Source data =
=======
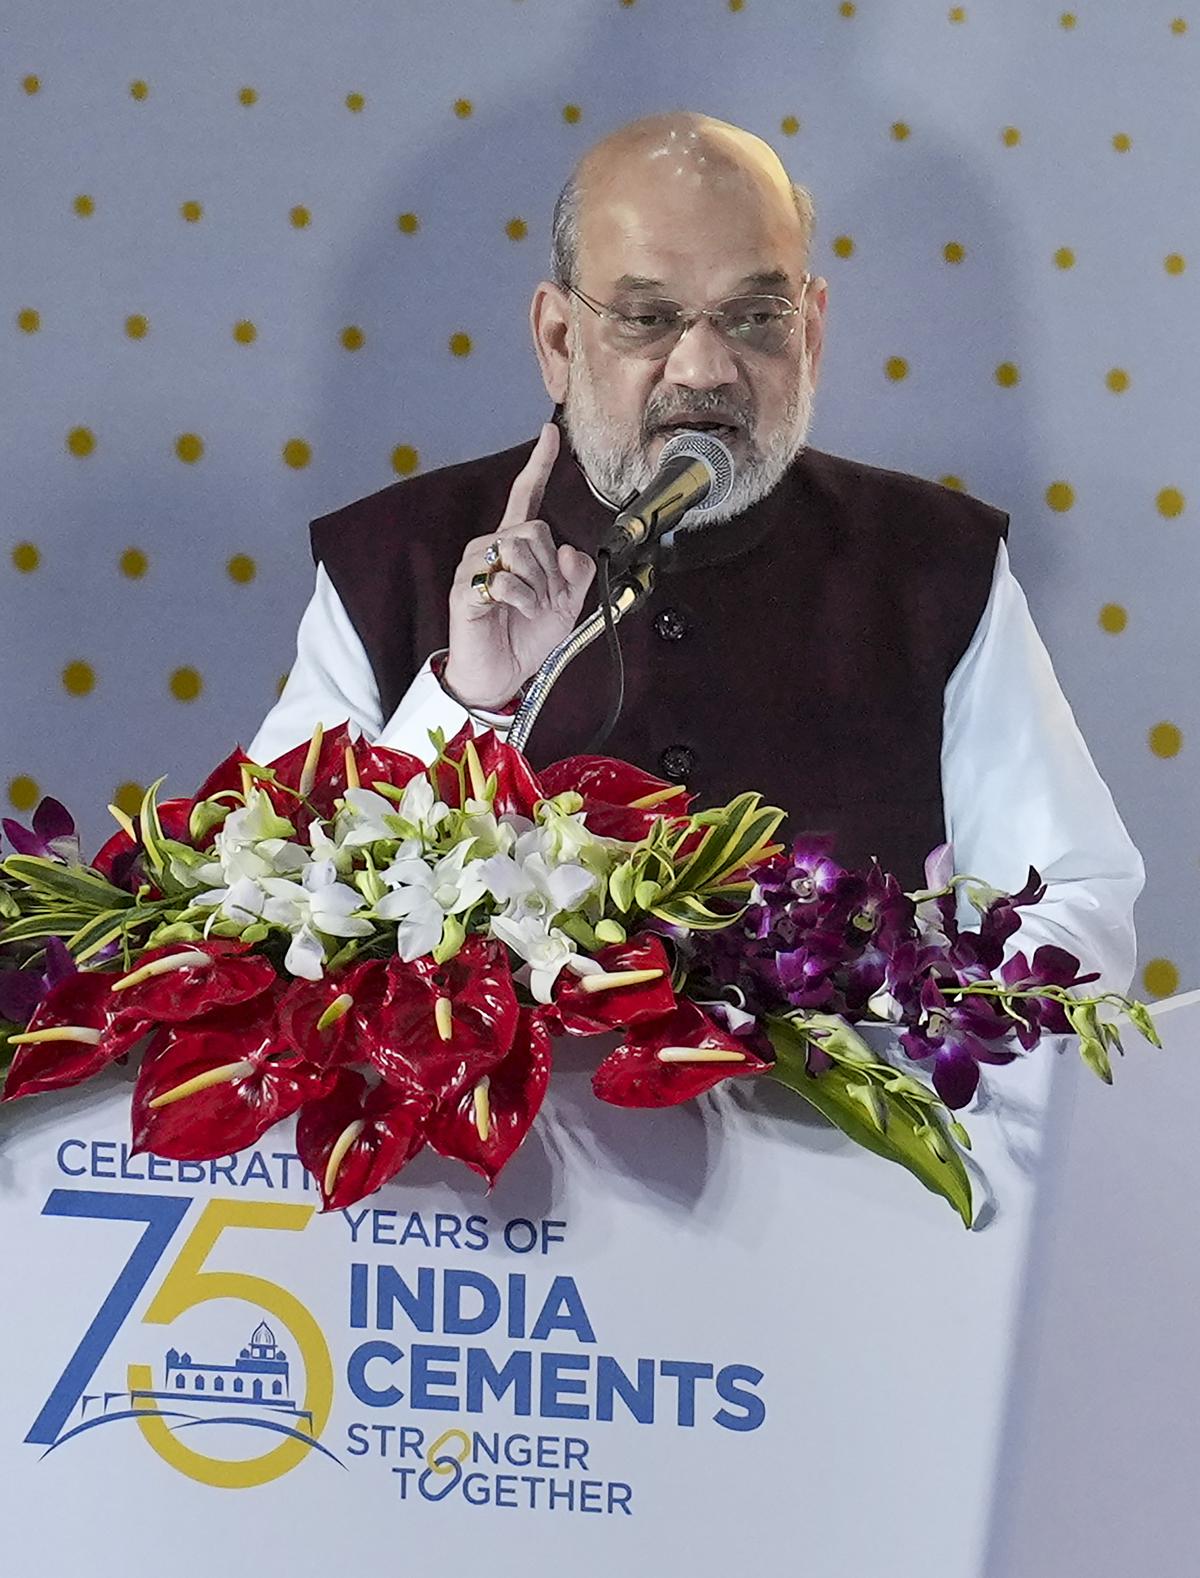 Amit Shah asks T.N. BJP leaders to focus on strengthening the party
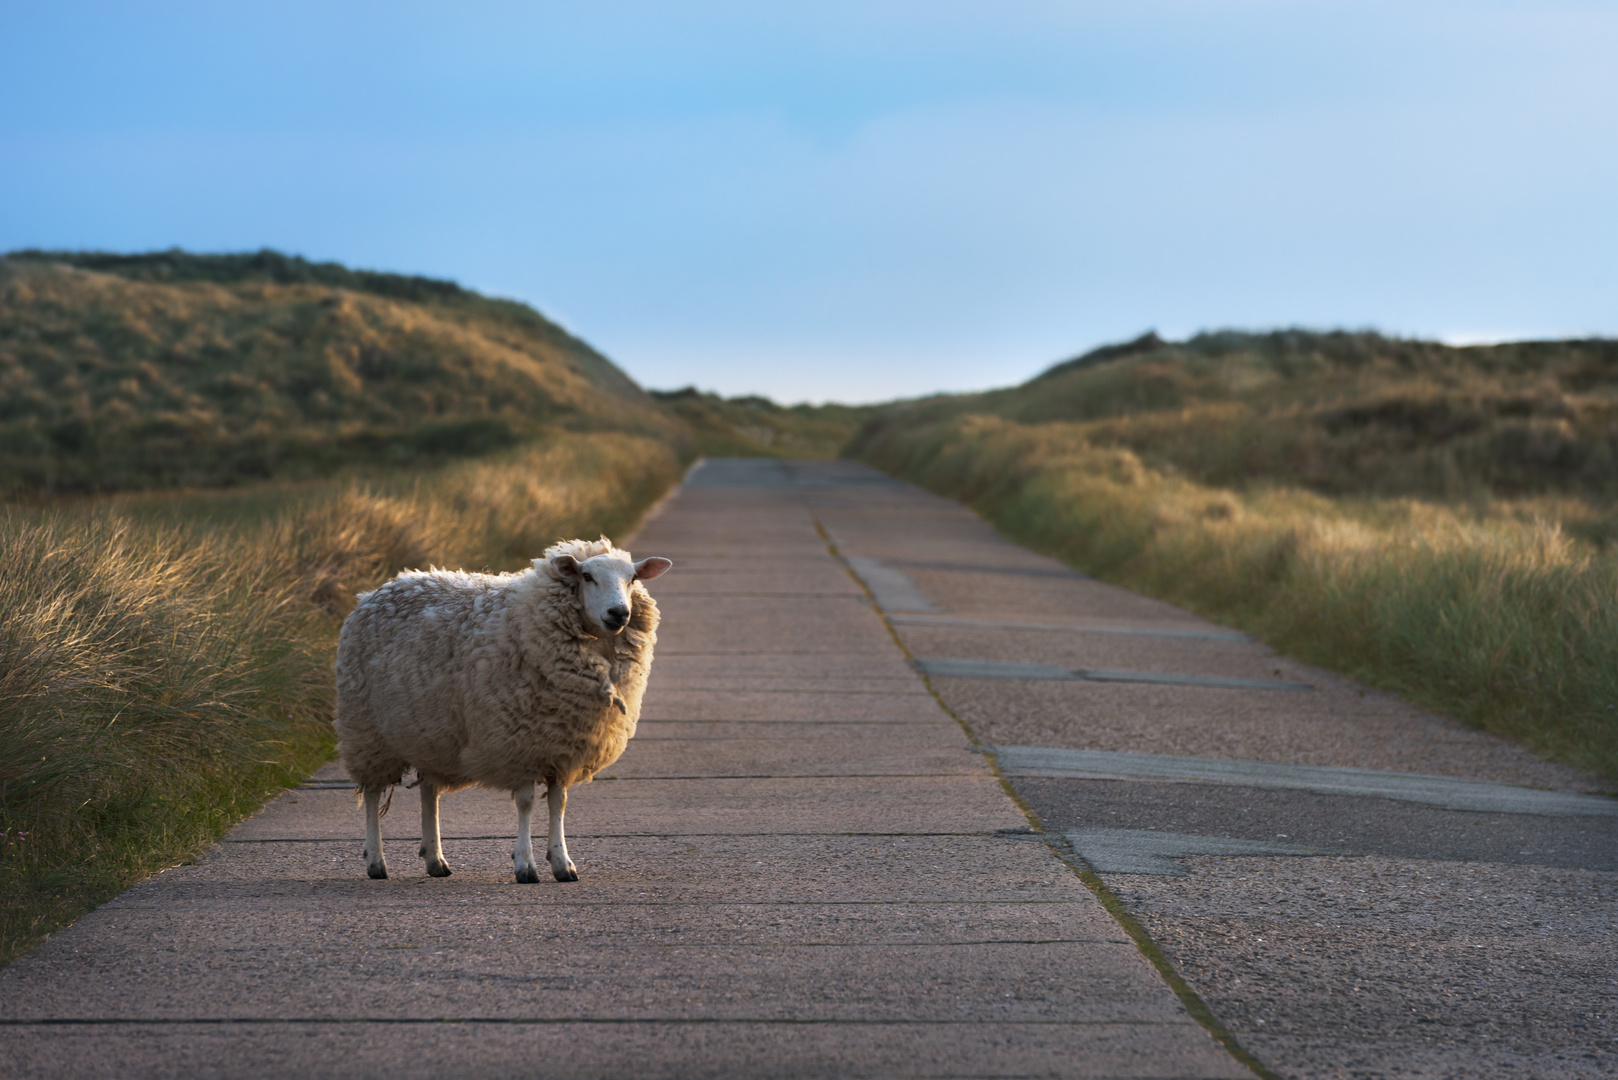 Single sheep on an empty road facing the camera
=======
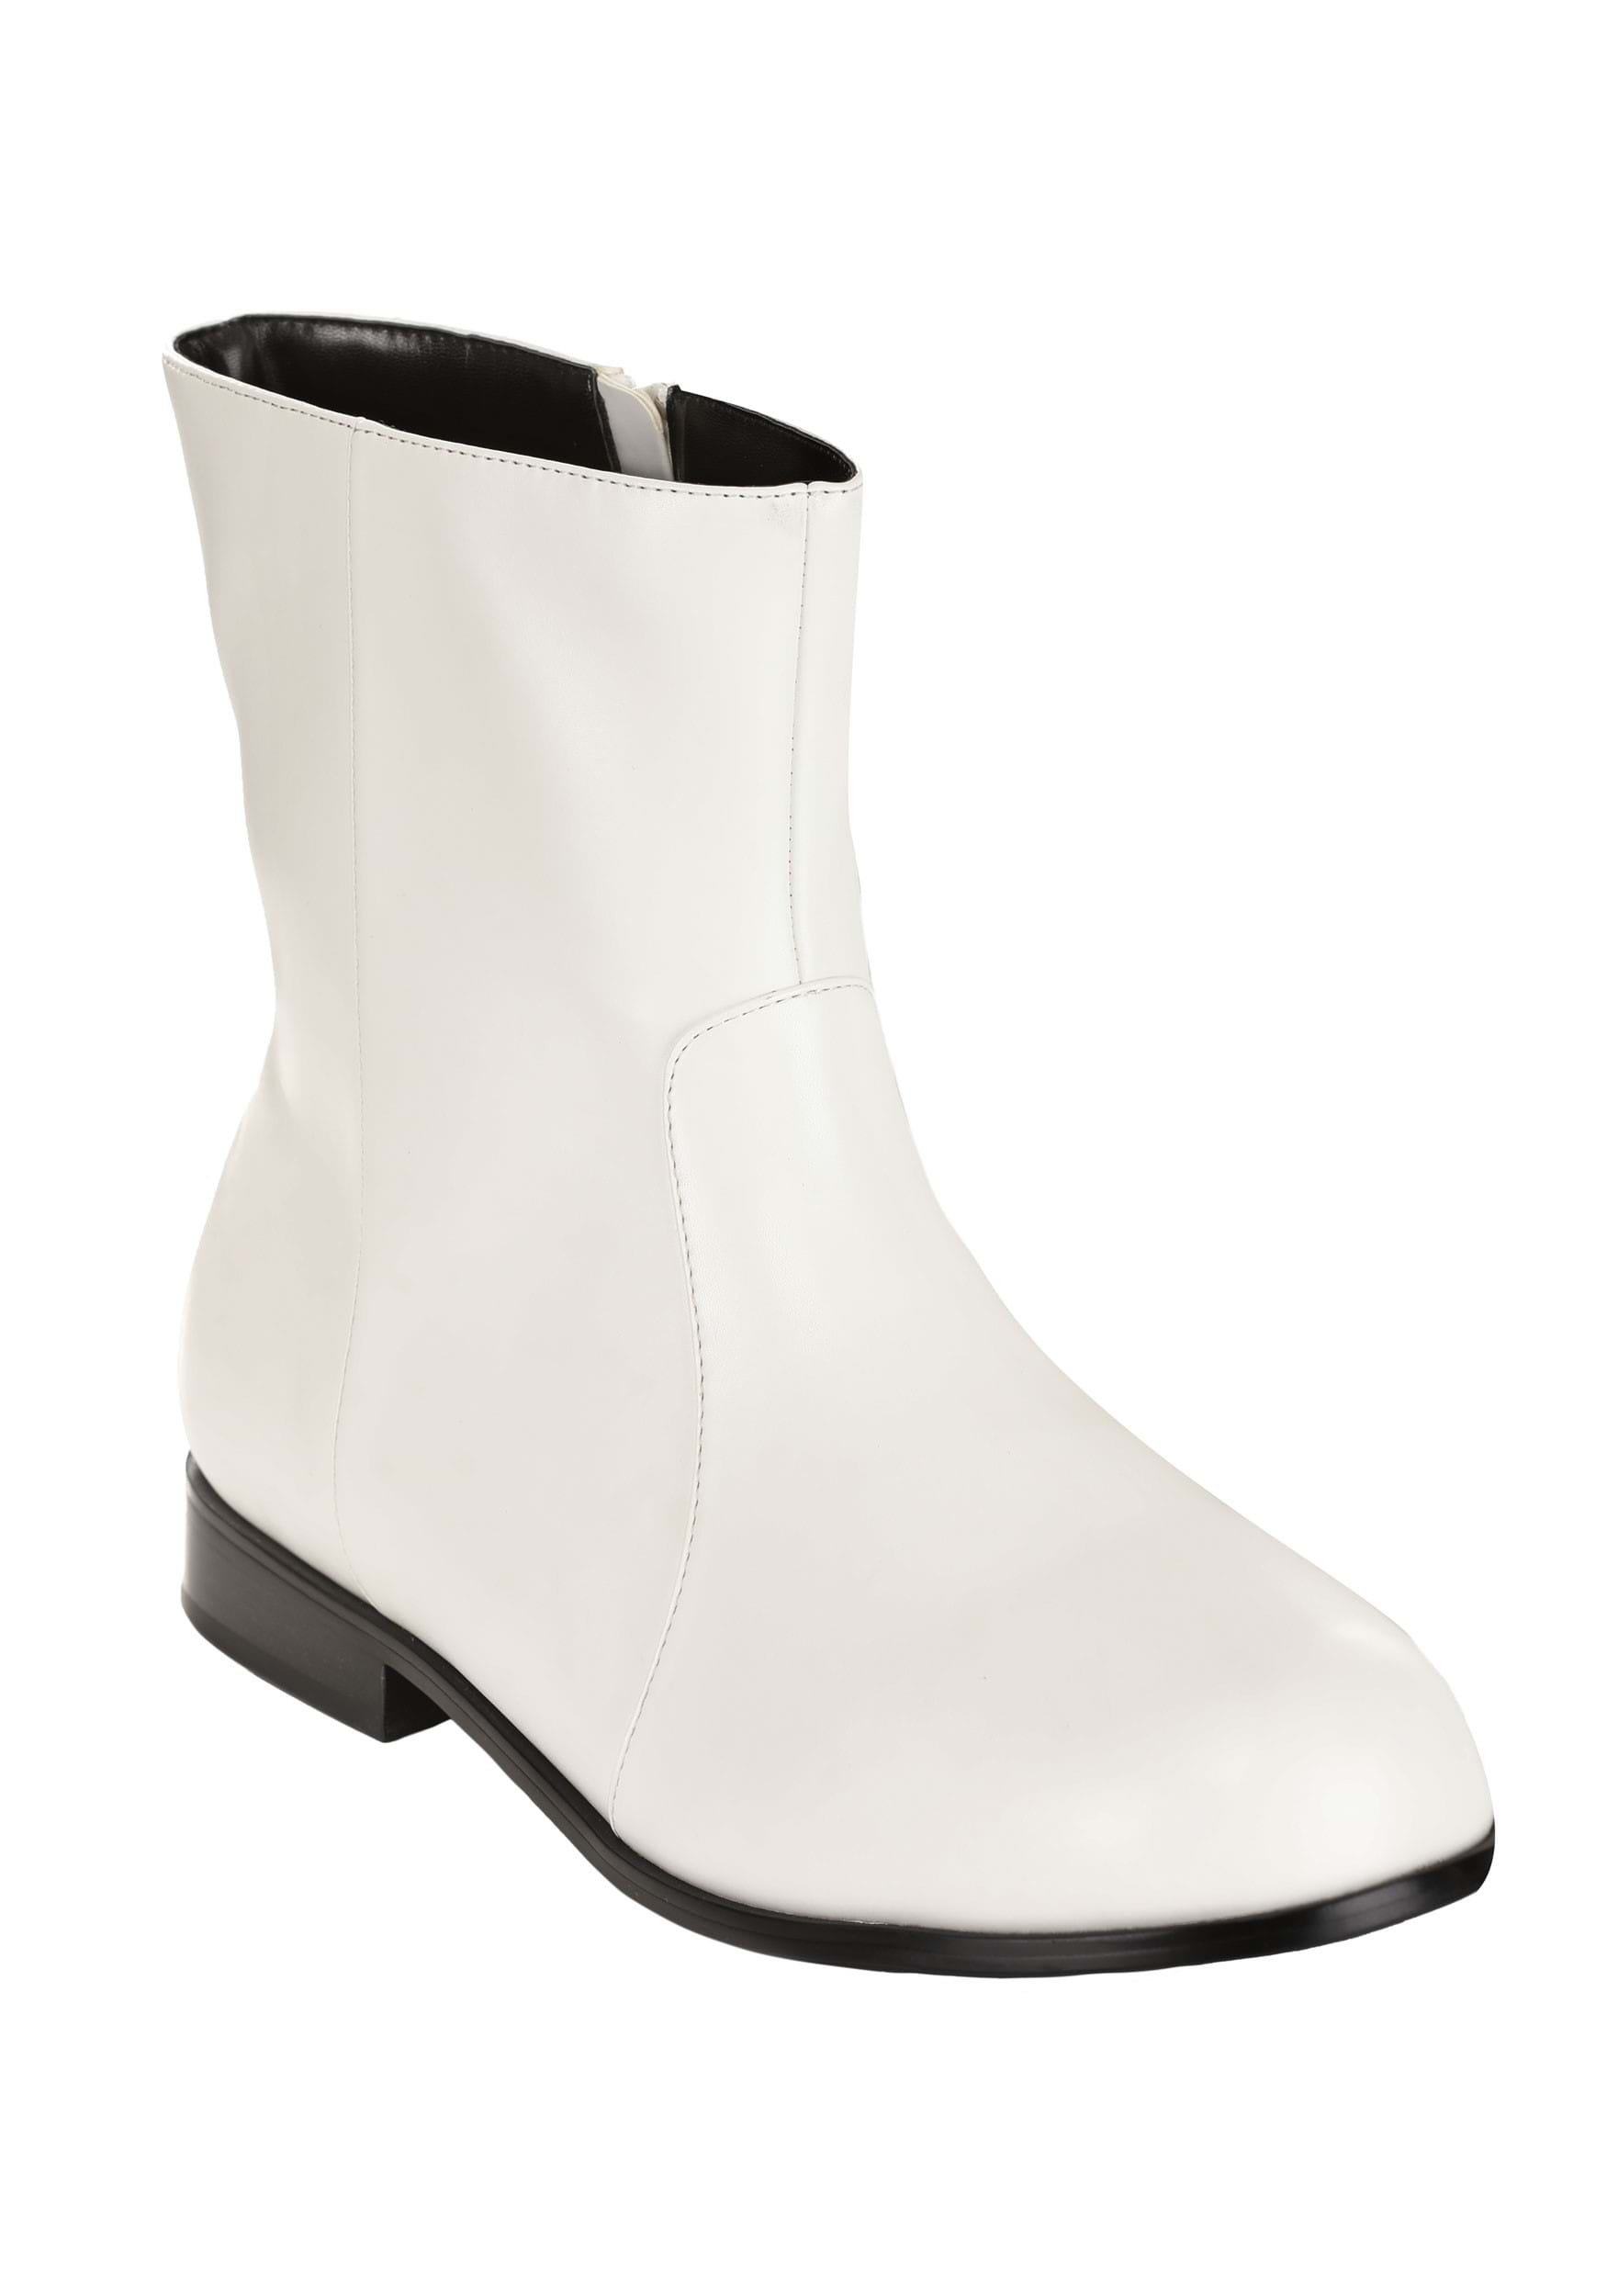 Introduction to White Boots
=======
What the exercise asks = Would you please reproduce the entries above, starting at the line with "Amit Shah asks" and stopping after the line with "Single sheep on"? Omit any pictures.

Solved problem =
 Amit Shah asks T.N. BJP leaders to focus on strengthening the party
 Single sheep on an empty road facing the camera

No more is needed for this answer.